ERP, IGH, Labour Code: three regimes to orchestrate
Your office floor falls under the regulations applicable to workplaces for its permanent occupants. It shifts to a 5th-category ERP as soon as it welcomes the public, then to 3rd or 4th category beyond the defined thresholds (decree of 25 June 1980). It comes under the IGH regulation from 50 metres for the tertiary sector (article R.122-2 of the Construction and Housing Code). A coworking space open to the public in a 75-metre tower falls simultaneously under all three regimes.

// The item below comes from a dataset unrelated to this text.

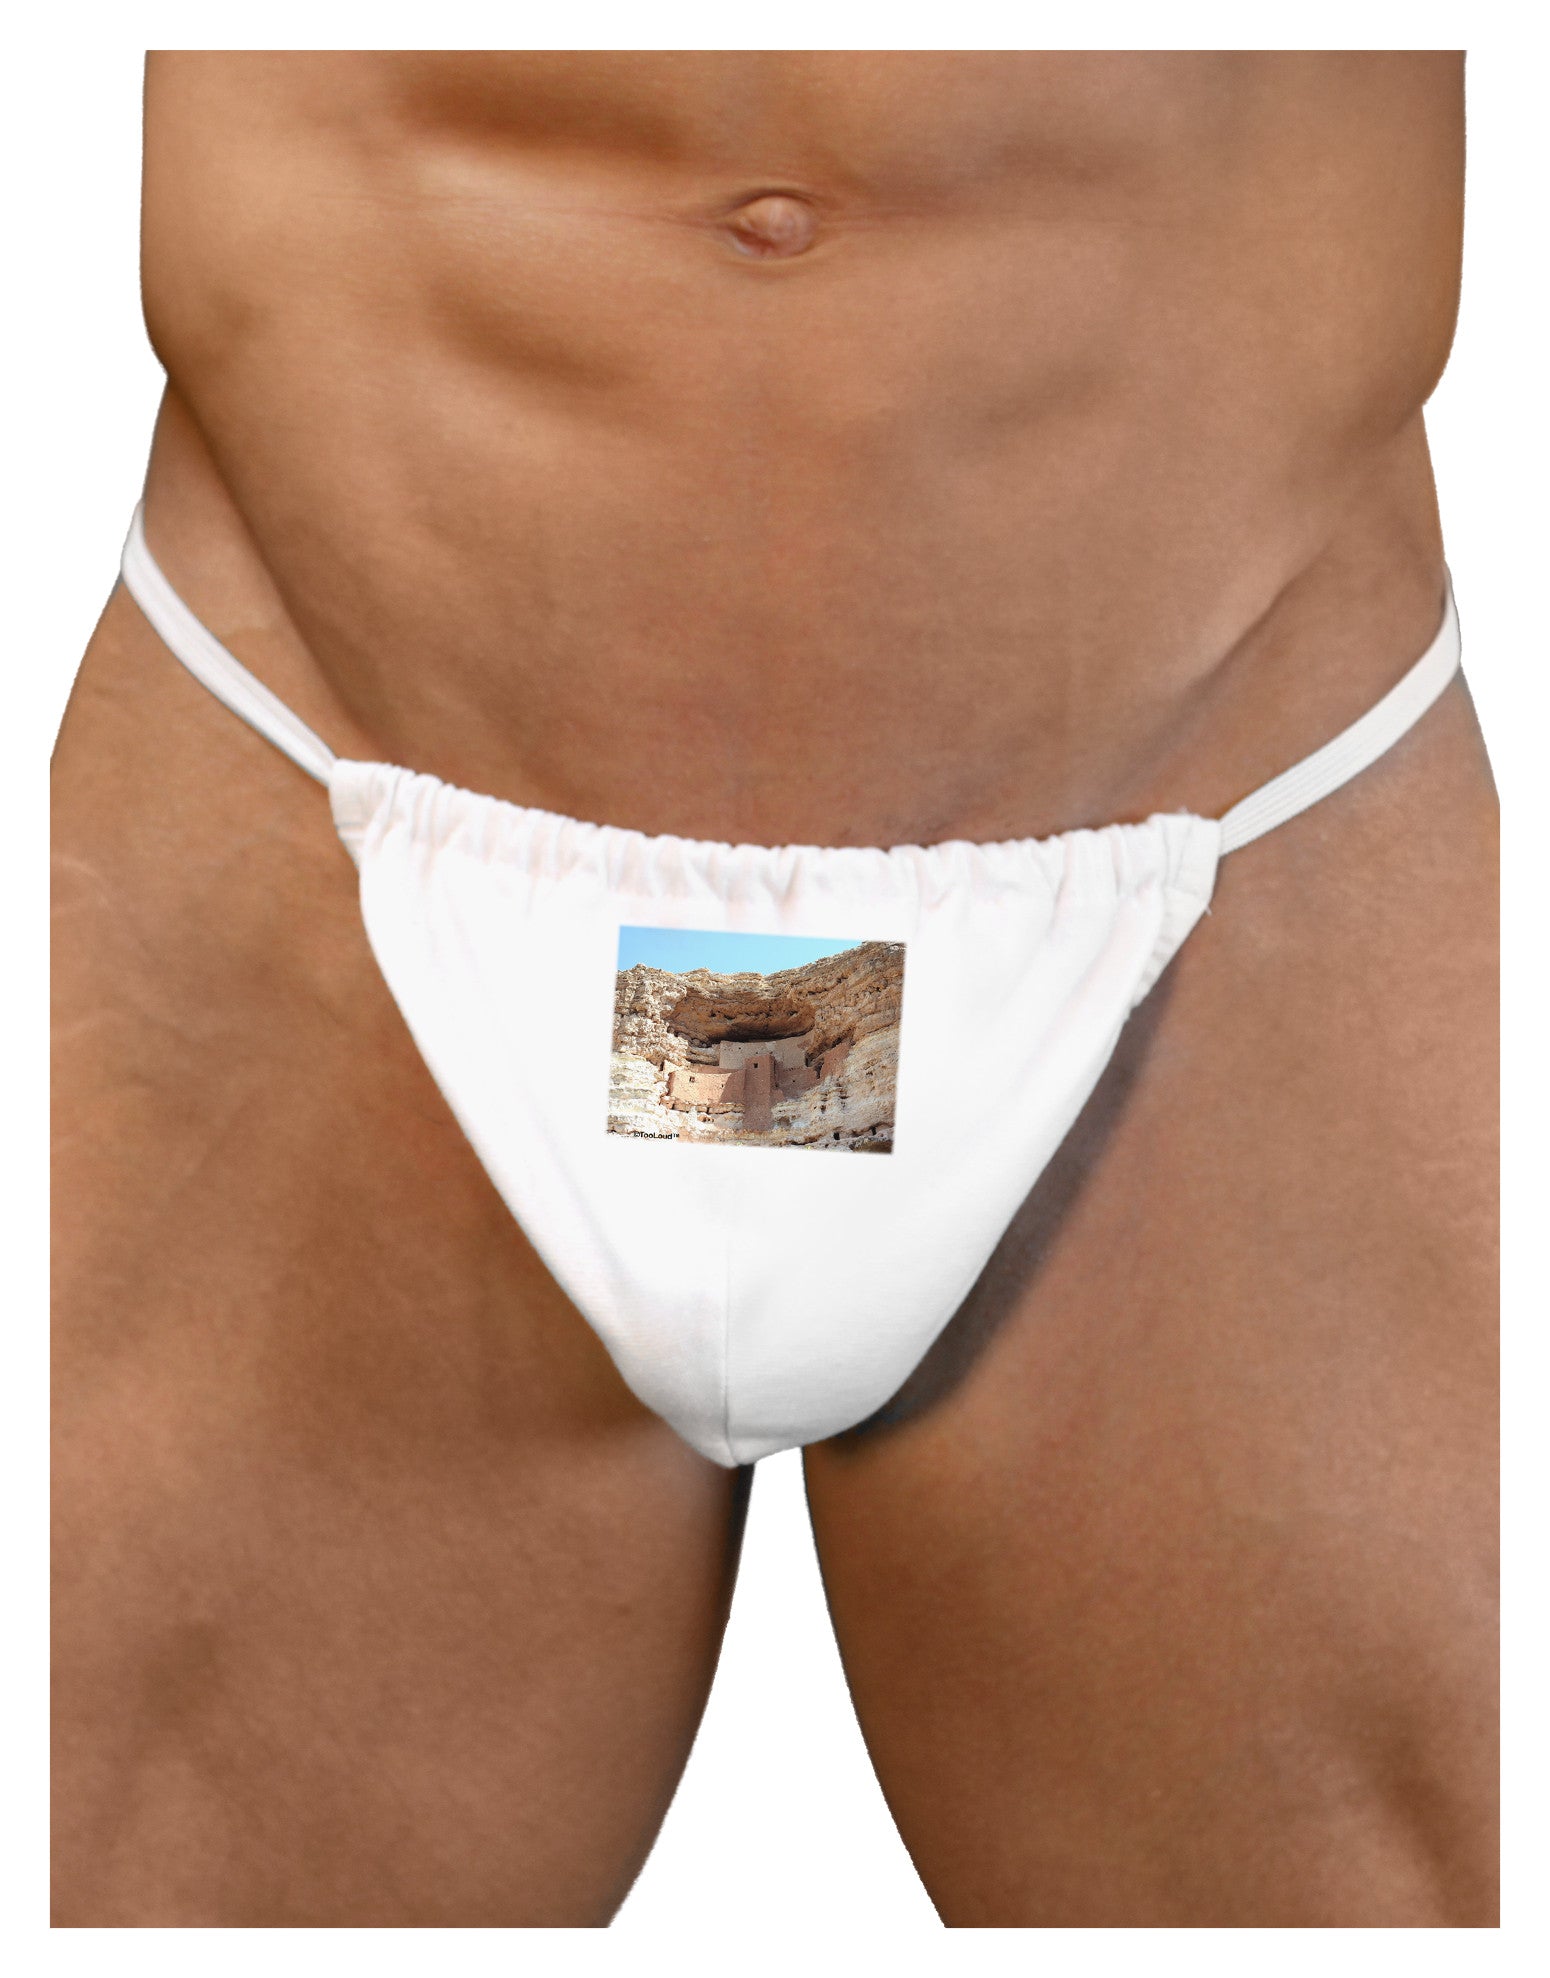 Chateau - Men Underwear Brief - Men's Briefs - Men's Printed

| Framework | Switch threshold | Indicative review timeline |
|---|---|---|
| Workplaces | Permanent occupants | No prior review |
| ERP 5th category | Public reception | about 4 months |
| Tertiary IGH | 50 m in height | 5 to 6 months + commission |
Article R.4227-5 also conditions the maximum capacity of a floor on the number of passage units: a single emergency staircase of 1.40 to 1.50 m allows 100 people per floor. This constraint guides your decisions on partitioning, smoke extraction, fire resistance, accessibility for people with reduced mobility and signage.
For the Architect and the Office Manager, the ERP threshold is a programming decision. A freely accessible showroom, a public event space or a coworking space without access control shifts your project into ERP status, with about 4 additional months of review. Conversely, invitation-only access with a control airlock keeps your floor under the workplace regime alone. This usage choice, made from the programme stage, conditions your opening date as much as the choice of flooring.
A limit to be aware of. On an exclusively tertiary floor below the IGH threshold, activating an ERP workflow as a precaution adds 3 to 4 months without justification. ERP reclassification is triggered only from a demonstrated public use, never from a mere hypothesis of future evolution.